Backend Development Checklist

Project Setup

  • Directory structure follows SOP layout
  • .env.example file created with all required variables
  • README.md with clear setup instructions
  • .gitignore configured for Python projects

Code Quality

  • ruff configured and passing
  • mypy type checking enabled and passing
  • All functions have type hints
  • Code follows PEP8 naming conventions
  • No hardcoded secrets in code

Database

  • MongoDB connection via app/core/database.py
  • Ensure Test Database segragation and correct environment usage
  • All models use Pydantic with proper validation
  • DBs and Collections use kebab-case naming
  • Indexes documented and version-controlled
  • Database authentication configured

API Development

  • FastAPI app follows factory pattern
  • All endpoints use proper HTTP methods and status codes
  • URLs follow REST conventions (plural nouns)
  • Input/output validation with Pydantic schemas
  • Error responses include correlation IDs
  • Health check endpoint implemented

Security

  • JWT/OAuth2 authentication implemented
  • Rate limiting configured where needed
  • All inputs validated and sanitised
  • Secrets stored in GCP Secret Manager only
  • CORS properly configured
  • HTTPS enforced in production

Testing

  • pytest configured with async support
  • Comply with our Testing Framework
    • Practical approach - Test what matters most (endpoints, integrations)

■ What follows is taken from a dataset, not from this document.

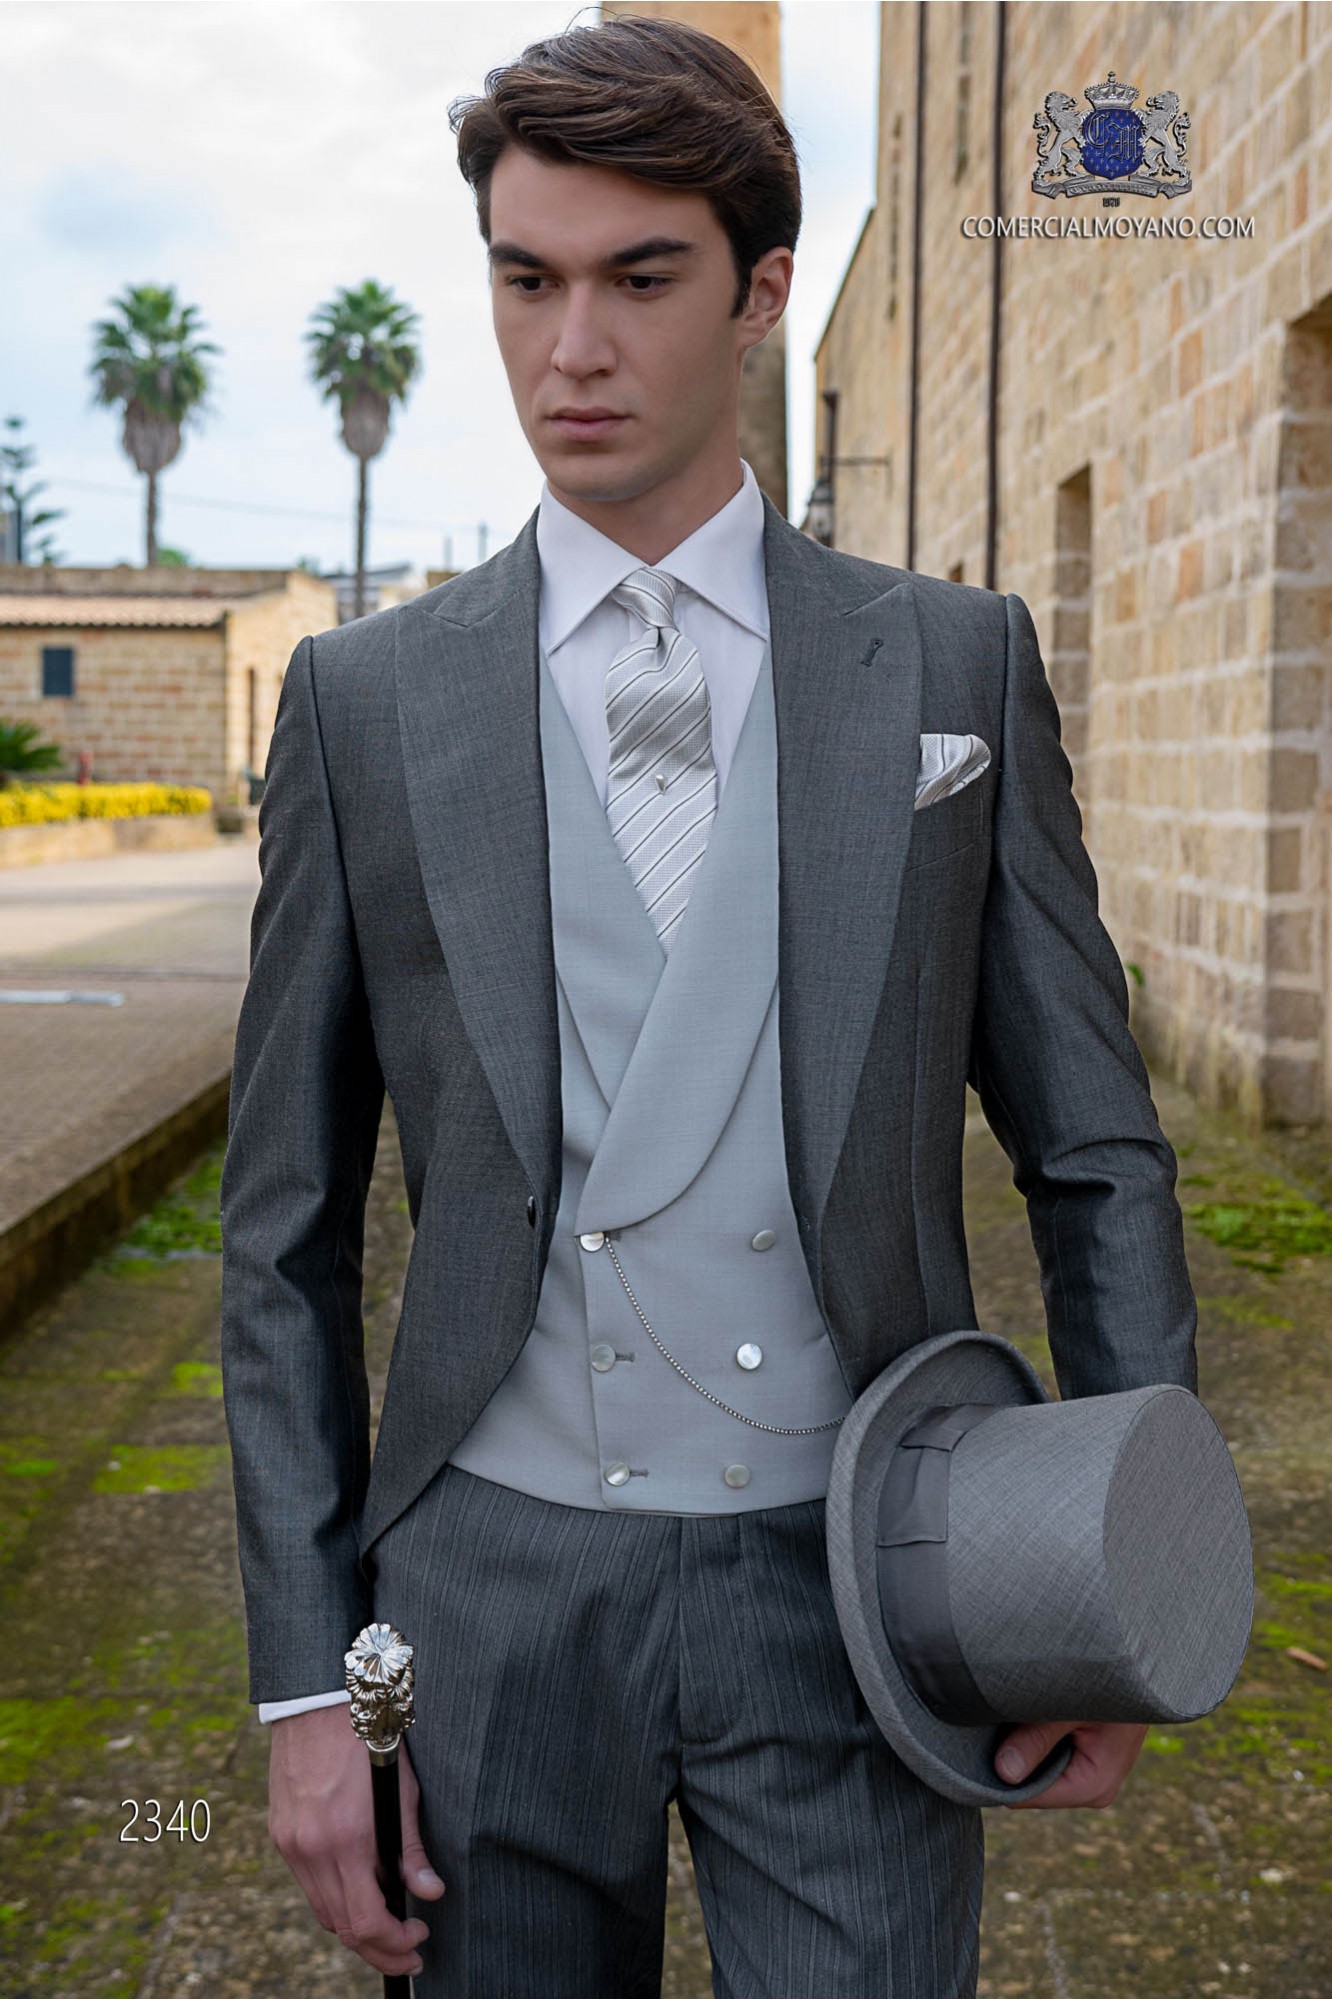 Chaqué de novio gris marengo tejido lana alpaca con pantalón raya diplomática modelo: 2340 Mario Moyano colección Gentleman

    • Focused on API testing - Smoke tests for critical endpoints rather than extensive unit testing

      • Smoke Tests:
        • Health check verification
        • Basic connectivity tests
        • Documentation accessibility
    • Extensive A/B testing - in the Staging deployment, simulate edge cases, pressure test system with volume, etc.

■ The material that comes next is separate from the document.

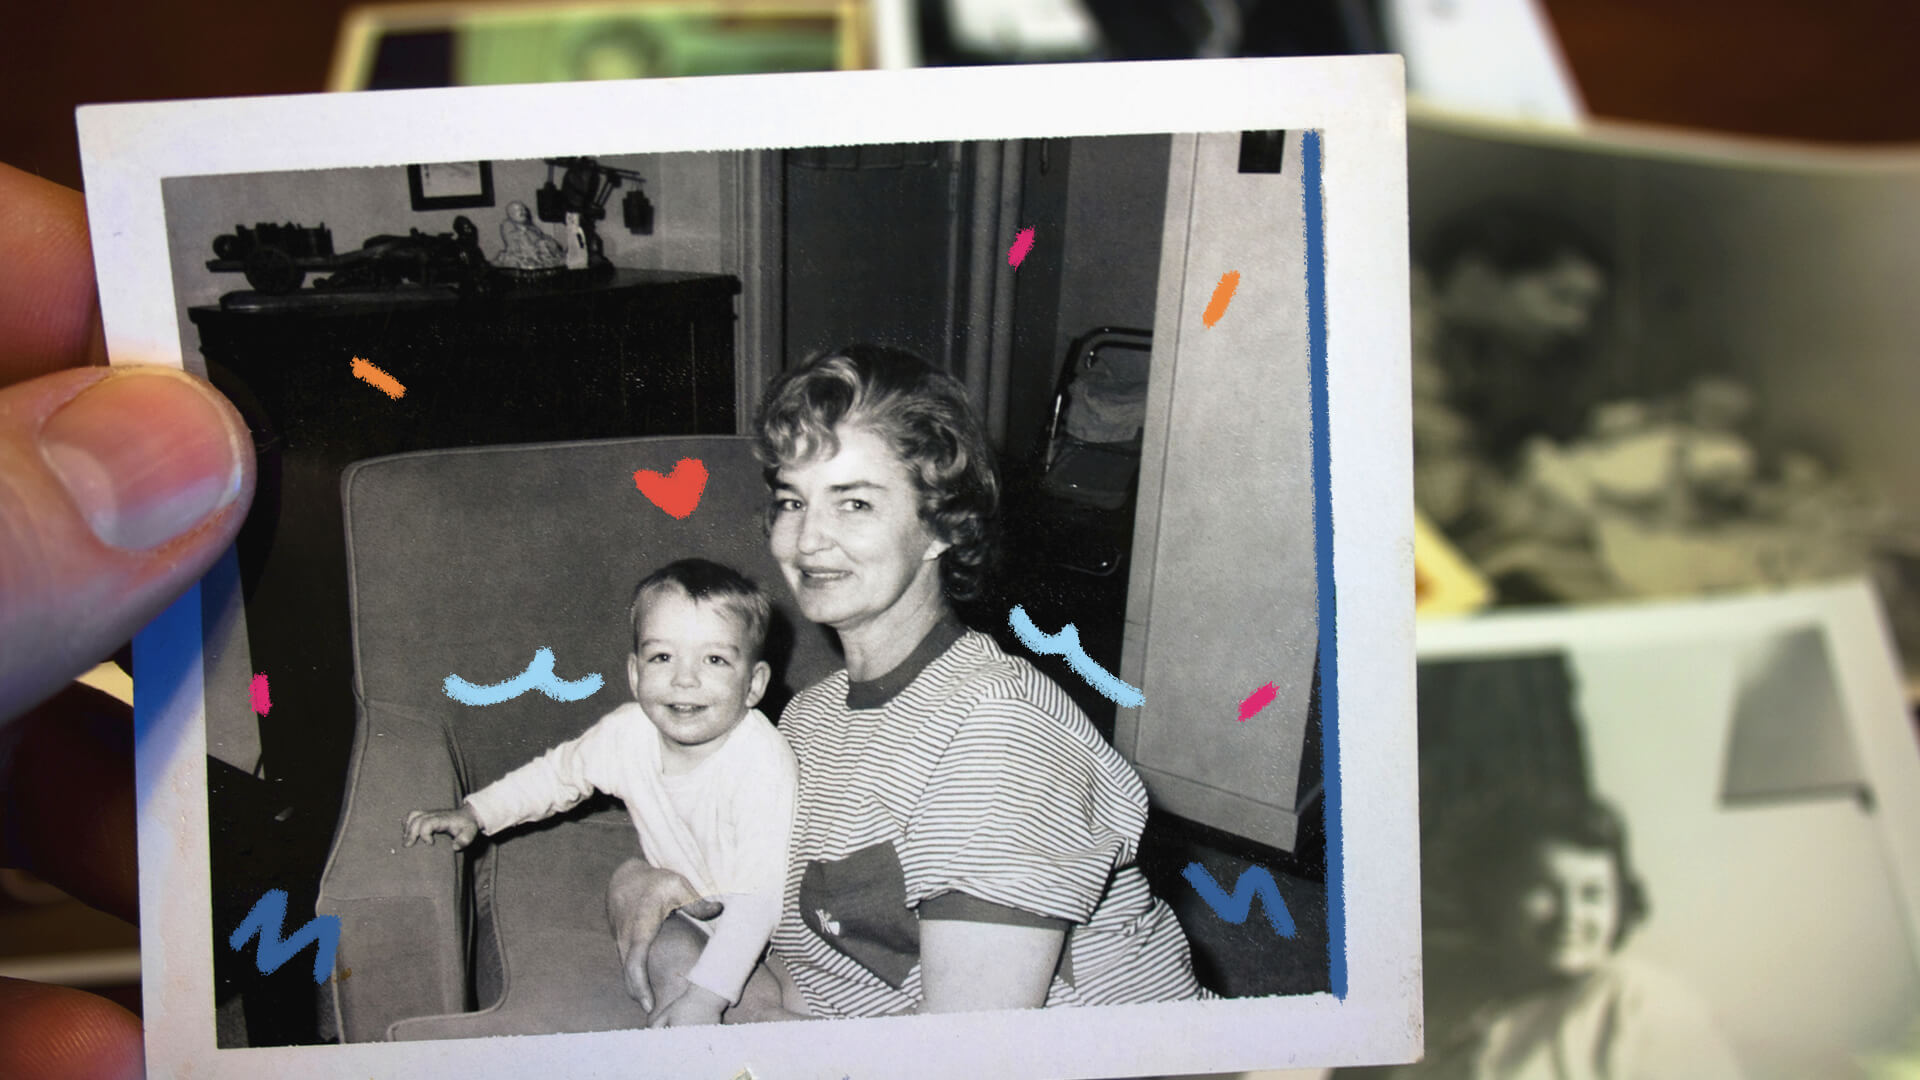 Na imagem, fotografia polaroid de uma mãe com o filho. Eles são brancos, sorriem e estão em uma poltrona. A imagem possui intervenções de rabiscos coloridos.

    • Database Integration:

      • Connection testing
      • CRUD operation validation
      • Real database interaction
    • Service Integration Tests:

      • End-to-end business logic flows
      • Error handling and edge cases
      • Database interaction validation
    • Running Tests:

      • Various execution scenarios
      • Coverage reporting
      • Selective test running
      • Performance considerations

Performance

  • All I/O operations are async
  • Connection pooling implemented
  • Service is stateless
  • Proper error handling and timeouts
  • Response times < 200ms for key requests

Logging & Monitoring

  • Structured JSON logging configured
  • Correlation IDs in all log entries
  • GCP Cloud Monitoring integration
  • Health check endpoint monitoring

Deployment

  • Dockerfile follows SOP template
  • cloudbuild.yaml configured
  • Cloud Build trigger linked to main branch
  • Secrets properly configured in deployment
  • Health checks working
  • Service accessible and responding

Documentation

  • Documentation must be updated and in-line with our current docs
    • This must be clear and concise
    • Explain data flows in the system
    • Explain data dependencies, inputs and expectations
    • Clear Architectural explanations of how components, modules or classes link together are are called between themselves.
  • Deployment instructions documented
  • Architecture diagrams (Use Mermaid Diagrams)

Final Review

  • Code reviewed by team member (if needed)
  • All automated checks passing
  • Performance requirements met
  • Security review completed (if needed)
  • Documentation reviewed and updated

Compliance: All engineers must follow this SOP. Deviations require explicit team lead approval and must be documented. Use this checklist for every new service and major updates.